**What you should do:** Exactly as written, copy the lines of the data below from the first through the one containing "Large package courier".

**Records excerpted from a collection:**
------------------------------------------------------------------------

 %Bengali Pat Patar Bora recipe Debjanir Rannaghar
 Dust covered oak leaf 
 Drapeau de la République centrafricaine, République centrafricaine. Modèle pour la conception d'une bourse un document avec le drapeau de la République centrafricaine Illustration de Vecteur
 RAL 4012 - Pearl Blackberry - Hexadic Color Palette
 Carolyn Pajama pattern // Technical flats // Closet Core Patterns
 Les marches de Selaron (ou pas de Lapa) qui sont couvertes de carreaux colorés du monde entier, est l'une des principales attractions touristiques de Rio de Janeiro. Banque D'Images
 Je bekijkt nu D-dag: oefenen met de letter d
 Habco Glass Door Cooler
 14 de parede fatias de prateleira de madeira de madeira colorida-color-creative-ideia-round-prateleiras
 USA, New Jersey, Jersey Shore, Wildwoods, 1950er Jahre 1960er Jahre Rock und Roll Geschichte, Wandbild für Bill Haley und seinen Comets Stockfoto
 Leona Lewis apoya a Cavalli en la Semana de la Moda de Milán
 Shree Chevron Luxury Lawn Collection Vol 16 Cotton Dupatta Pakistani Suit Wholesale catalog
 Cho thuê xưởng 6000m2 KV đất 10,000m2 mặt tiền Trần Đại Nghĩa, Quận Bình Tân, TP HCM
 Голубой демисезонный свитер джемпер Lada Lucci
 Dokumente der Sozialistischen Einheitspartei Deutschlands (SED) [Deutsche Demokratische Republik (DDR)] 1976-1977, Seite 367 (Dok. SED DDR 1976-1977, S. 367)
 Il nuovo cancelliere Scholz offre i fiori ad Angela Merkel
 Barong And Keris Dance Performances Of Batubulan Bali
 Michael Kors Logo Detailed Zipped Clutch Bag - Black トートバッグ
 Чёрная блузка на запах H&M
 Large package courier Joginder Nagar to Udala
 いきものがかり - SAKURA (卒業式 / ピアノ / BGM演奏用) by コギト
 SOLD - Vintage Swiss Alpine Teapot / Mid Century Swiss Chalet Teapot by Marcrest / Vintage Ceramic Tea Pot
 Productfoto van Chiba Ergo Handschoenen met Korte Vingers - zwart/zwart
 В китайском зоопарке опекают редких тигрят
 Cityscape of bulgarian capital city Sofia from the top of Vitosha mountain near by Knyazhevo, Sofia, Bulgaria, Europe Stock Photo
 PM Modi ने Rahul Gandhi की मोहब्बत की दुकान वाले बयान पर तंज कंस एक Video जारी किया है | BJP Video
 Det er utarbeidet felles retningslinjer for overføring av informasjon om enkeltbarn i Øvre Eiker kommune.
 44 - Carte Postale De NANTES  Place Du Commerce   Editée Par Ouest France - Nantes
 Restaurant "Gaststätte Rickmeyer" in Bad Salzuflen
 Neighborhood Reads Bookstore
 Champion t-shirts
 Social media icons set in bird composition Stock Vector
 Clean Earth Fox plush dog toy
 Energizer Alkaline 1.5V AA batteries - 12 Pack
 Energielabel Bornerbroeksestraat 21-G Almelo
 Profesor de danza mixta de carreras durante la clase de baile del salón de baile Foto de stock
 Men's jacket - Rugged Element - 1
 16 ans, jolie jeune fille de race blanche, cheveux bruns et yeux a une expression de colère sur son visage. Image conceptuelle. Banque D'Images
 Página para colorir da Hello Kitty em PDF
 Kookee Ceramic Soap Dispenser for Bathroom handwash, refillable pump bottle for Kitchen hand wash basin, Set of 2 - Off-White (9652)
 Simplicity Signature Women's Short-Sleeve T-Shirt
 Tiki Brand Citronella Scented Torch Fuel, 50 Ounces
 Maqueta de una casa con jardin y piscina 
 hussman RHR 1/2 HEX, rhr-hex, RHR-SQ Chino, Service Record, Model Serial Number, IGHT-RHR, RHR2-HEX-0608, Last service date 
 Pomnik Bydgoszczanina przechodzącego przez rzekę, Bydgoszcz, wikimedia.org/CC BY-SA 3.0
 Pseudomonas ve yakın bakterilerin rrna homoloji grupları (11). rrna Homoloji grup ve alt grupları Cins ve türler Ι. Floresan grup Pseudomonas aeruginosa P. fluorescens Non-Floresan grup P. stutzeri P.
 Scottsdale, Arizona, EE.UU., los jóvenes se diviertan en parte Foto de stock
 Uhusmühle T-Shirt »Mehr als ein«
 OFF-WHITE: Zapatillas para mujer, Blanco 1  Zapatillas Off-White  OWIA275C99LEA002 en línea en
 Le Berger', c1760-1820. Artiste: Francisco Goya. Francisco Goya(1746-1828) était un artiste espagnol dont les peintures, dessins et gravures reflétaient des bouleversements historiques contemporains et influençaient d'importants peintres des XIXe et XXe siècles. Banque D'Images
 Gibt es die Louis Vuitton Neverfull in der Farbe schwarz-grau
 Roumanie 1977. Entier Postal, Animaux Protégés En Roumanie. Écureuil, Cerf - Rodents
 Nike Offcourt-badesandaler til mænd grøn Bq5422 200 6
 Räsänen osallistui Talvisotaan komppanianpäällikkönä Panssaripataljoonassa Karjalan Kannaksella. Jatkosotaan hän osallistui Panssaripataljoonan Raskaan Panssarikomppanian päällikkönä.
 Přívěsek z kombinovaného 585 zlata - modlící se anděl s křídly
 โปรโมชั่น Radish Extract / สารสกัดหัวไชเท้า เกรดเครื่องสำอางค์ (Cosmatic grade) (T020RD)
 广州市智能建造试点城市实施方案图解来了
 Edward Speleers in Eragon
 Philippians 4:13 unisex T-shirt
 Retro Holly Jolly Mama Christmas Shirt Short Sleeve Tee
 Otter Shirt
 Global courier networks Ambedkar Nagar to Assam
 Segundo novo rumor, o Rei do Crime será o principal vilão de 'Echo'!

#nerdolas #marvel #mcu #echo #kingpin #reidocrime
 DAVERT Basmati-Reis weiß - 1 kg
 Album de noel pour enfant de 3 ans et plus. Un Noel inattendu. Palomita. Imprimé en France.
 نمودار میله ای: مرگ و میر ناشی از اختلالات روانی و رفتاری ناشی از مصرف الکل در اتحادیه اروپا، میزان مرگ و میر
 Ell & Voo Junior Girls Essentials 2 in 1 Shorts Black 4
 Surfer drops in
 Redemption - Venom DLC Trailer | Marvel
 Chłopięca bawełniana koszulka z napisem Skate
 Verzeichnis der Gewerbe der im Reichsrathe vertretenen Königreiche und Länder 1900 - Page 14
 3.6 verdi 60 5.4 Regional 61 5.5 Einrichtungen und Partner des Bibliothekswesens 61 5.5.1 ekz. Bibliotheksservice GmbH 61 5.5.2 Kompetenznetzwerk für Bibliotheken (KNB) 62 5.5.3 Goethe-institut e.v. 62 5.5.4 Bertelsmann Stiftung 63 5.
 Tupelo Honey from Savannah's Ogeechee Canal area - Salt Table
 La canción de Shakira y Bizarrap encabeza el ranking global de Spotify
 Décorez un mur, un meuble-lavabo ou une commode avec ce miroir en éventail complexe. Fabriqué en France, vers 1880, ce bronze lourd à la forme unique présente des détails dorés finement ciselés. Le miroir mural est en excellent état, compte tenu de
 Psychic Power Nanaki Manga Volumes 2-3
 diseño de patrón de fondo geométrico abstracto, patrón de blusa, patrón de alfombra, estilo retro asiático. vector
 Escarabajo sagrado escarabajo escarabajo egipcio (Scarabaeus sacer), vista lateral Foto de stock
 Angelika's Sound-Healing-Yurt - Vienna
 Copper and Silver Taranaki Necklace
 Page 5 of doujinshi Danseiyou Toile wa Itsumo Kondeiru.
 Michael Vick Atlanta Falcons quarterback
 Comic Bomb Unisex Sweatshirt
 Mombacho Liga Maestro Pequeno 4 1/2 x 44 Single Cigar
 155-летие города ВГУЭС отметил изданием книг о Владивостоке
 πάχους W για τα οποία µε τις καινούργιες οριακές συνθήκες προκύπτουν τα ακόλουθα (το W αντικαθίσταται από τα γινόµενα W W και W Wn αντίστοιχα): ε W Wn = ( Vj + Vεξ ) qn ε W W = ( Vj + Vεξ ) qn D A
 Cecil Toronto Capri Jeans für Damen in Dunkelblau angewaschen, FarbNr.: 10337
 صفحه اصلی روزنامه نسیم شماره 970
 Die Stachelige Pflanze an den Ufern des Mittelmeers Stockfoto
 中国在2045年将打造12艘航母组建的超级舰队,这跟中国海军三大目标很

------------------------------------------------------------------------

**Written reply:**
 %Bengali Pat Patar Bora recipe Debjanir Rannaghar
 Dust covered oak leaf 
 Drapeau de la République centrafricaine, République centrafricaine. Modèle pour la conception d'une bourse un document avec le drapeau de la République centrafricaine Illustration de Vecteur
 RAL 4012 - Pearl Blackberry - Hexadic Color Palette
 Carolyn Pajama pattern // Technical flats // Closet Core Patterns
 Les marches de Selaron (ou pas de Lapa) qui sont couvertes de carreaux colorés du monde entier, est l'une des principales attractions touristiques de Rio de Janeiro. Banque D'Images
 Je bekijkt nu D-dag: oefenen met de letter d
 Habco Glass Door Cooler
 14 de parede fatias de prateleira de madeira de madeira colorida-color-creative-ideia-round-prateleiras
 USA, New Jersey, Jersey Shore, Wildwoods, 1950er Jahre 1960er Jahre Rock und Roll Geschichte, Wandbild für Bill Haley und seinen Comets Stockfoto
 Leona Lewis apoya a Cavalli en la Semana de la Moda de Milán
 Shree Chevron Luxury Lawn Collection Vol 16 Cotton Dupatta Pakistani Suit Wholesale catalog
 Cho thuê xưởng 6000m2 KV đất 10,000m2 mặt tiền Trần Đại Nghĩa, Quận Bình Tân, TP HCM
 Голубой демисезонный свитер джемпер Lada Lucci
 Dokumente der Sozialistischen Einheitspartei Deutschlands (SED) [Deutsche Demokratische Republik (DDR)] 1976-1977, Seite 367 (Dok. SED DDR 1976-1977, S. 367)
 Il nuovo cancelliere Scholz offre i fiori ad Angela Merkel
 Barong And Keris Dance Performances Of Batubulan Bali
 Michael Kors Logo Detailed Zipped Clutch Bag - Black トートバッグ
 Чёрная блузка на запах H&M
 Large package courier Joginder Nagar to Udala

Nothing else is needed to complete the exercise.